Probably the most technically challenging part of caching is managing state lifecycle. If a newspaper only updates it's weather forecasts every hour that probably doesn’t carry to much liability. If a storm is suddenly reclassified and turns for the worst a few people might be unhappy. If the advertisement for a product appears when it is out of stock and it is chosen rather than something else, there will be revenue lost. If a bank trading system fails to see spike of a market bubble bursting in a timely manner it could precipitate the end of that bank… and the collapse of the whole market. Simply saying that cached state is valid for a fixed period of time is often not adequate. Store it too long and you increase risk, store it a shorter time and you increase computational overheads. More sophisticated approaches are possible, of course, but they require even more coupling between the state and events that cause changes to that state.

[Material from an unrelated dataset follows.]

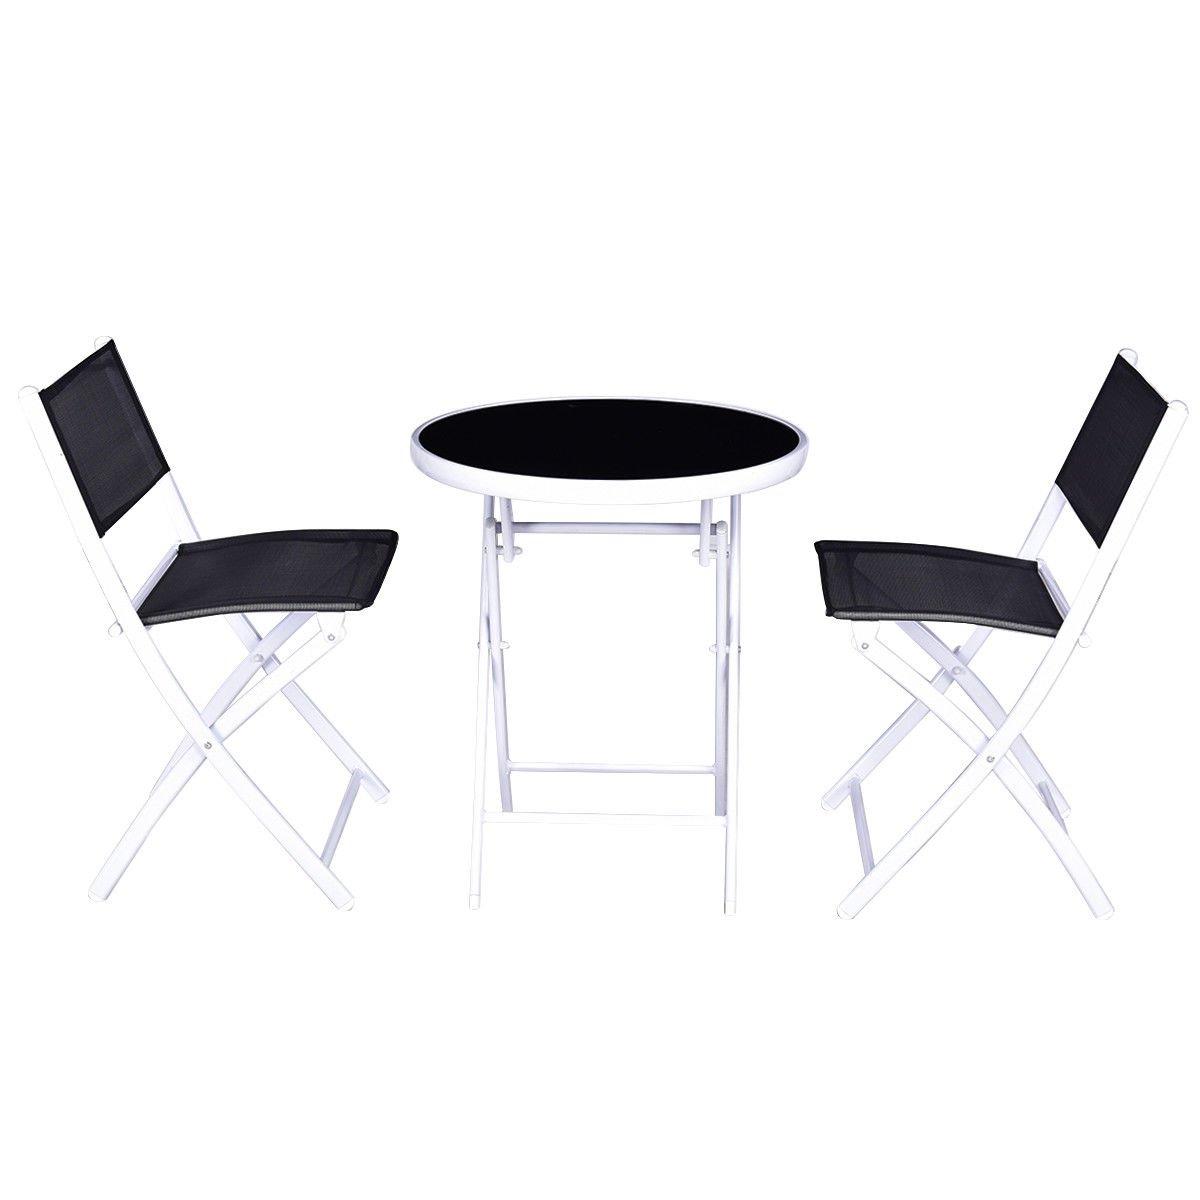 Folding Bistro Table Chairs Set Garden Backyard Patio Furniture Black 3 PCS

Resource oriented computing has an approach to caching where every operation, every response to every idempotent request, is intrinsically cacheable. That is the basic premise, but of course it can be configured and controlled, often in quite sophisticated ways. For example rather than a simple time-to-live expiration of a representation, endpoints can implement functions to determine validity, for example by looking for changes in a file or database. Validity naturally propagates so that derivative resources generated from sub-requests to now expired representations also become expired. Caching is not some external bolted-on feature but an intrinsic part of the abstraction. It relies quite deeply on some of the core characteristics of the resource oriented approach. Let us look now at how it works.

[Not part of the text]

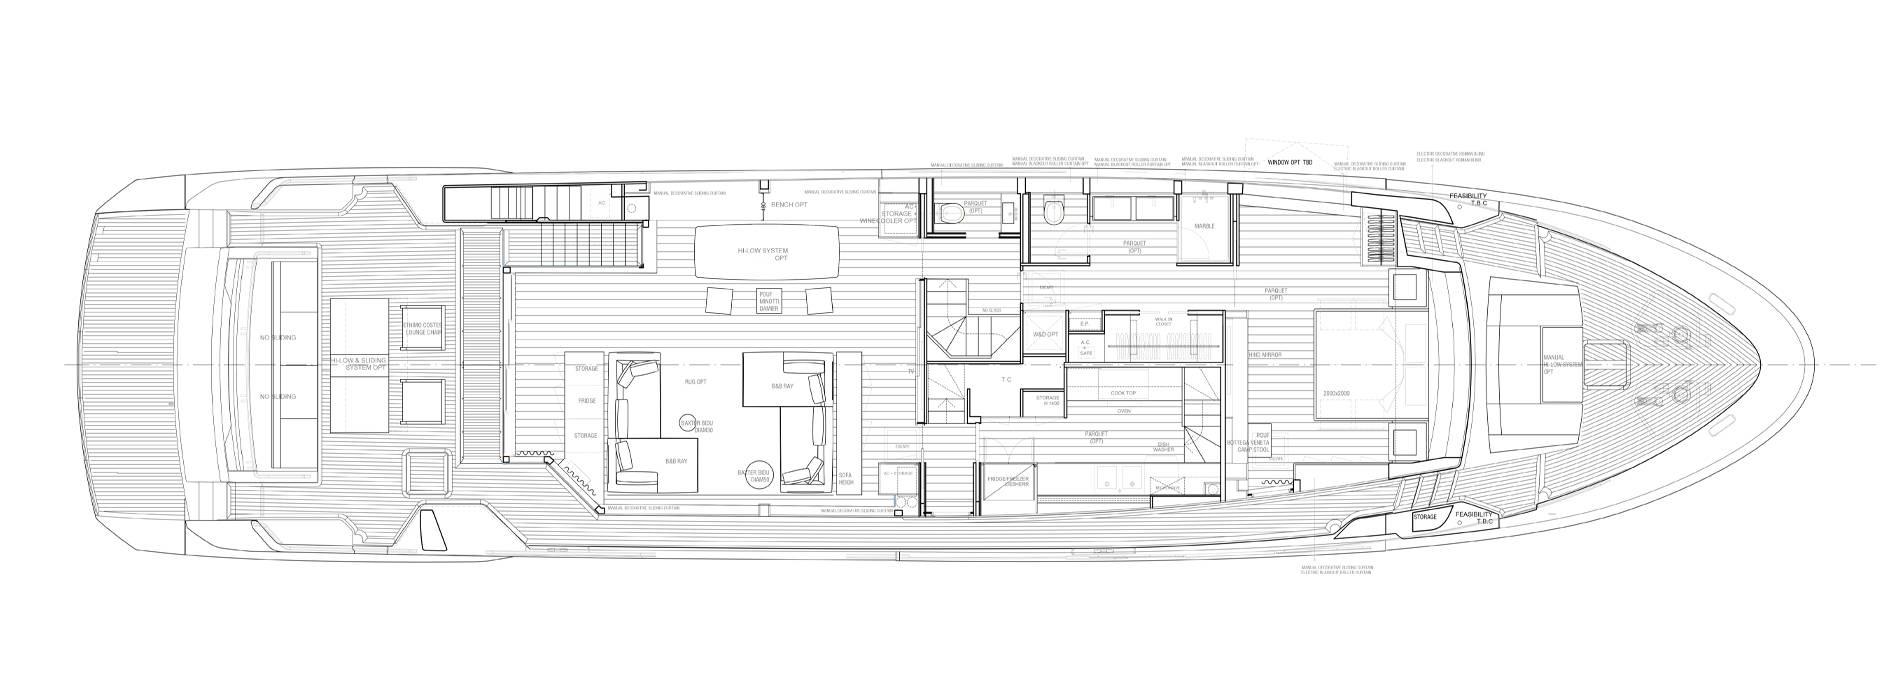 Sanlorenzo Yachts SL102A-746  Hauptdeck

Some background - Memoization

Resource oriented caching is somewhat similar to memoization¹, a term coined by Donald Michie in 1968 to describe an optimisation technique whereby software remembers the return value from function calls, keyed by the inputs to the function. Then, if the same function is ever called again, the return value could be substituted in place of actually executing it. Many functional programming languages provide some sort of memoization feature. Of course for this to work constraints must be placed on the function being called. Firstly, it must always return the same result for the same inputs. Mathematical functions always do this but in software this means that the function has access to no internal state that can change. The second constrain is that functions must not have any side-effects, that is, they should only return a result and not effect the state of any other function or external system. A function that satisfies these two constraints is called pure in functional programming and can be said to be referentially transparent².

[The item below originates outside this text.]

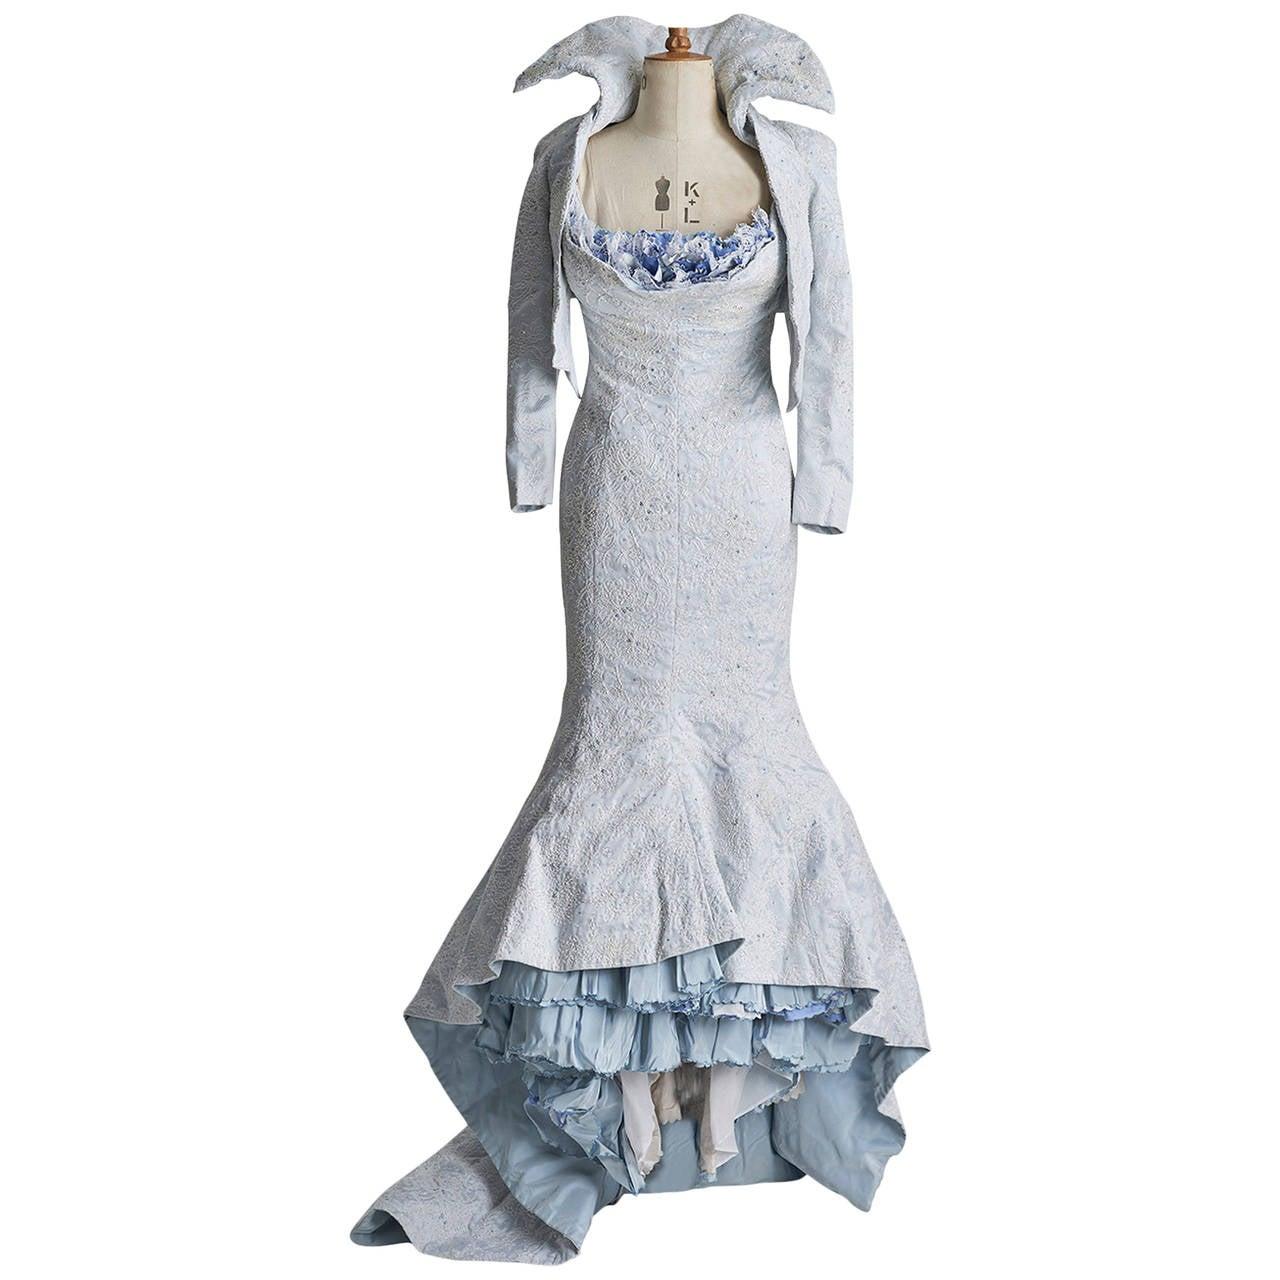 Vivienne Westwood Custom Made Wedding Gown At 1stdibs

Memoisation actually dates back further to 1953 when an optimisation technique for specific classes of algorithms was generalised with a term called dynamic programming³ by Richard E. Bellman. Dynamic programming works with certain classes of algorithms - algorithms which can be hierarchically decomposed into sub-problems which overlap. By overlap here we mean that the algorithm will usually evaluate a proportion of the problem space multiple times, sometimes many times. In dynamic programming sub-problems are enumerated within the scope of a single execution of an algorithm, and when executed their solutions are memoised and stored in a lookup table for future reference. By creating an implementation of an algorithm that uses dynamic programming techniques the computational time complexity of an algorithm can often be reduced as compared to a brute-force approach. For example, the classic travelling salesman problem can be changed from an extremely hard O(n!) (execution time proportional to the factorial of the number of places to visit) to a, still hard but slightly less so, O(2^n) (execution time proportional to 2 to the power of n). Unfortunately each algorithm requires research and investigation to see how amenable to dynamic programming it is, and then a custom implementation must be developed. It is a great approach to specific well defined algorithmic problems but not to optimising general computation.

We have already seen that real-world systems typically do have a large amount of repeat computation, or overlapping sub-problems in algorithmic theory parlance. We see that the dynamic programming approach doesn’t help too much because it can only be applied to the execution of single algorithms. General memoisation can be applied to more general computation if it is structured into pure functions. Unfortunately pure functions are quite limiting. They can work well over a short time scale but not so well when dealing with state that can change in a long running system.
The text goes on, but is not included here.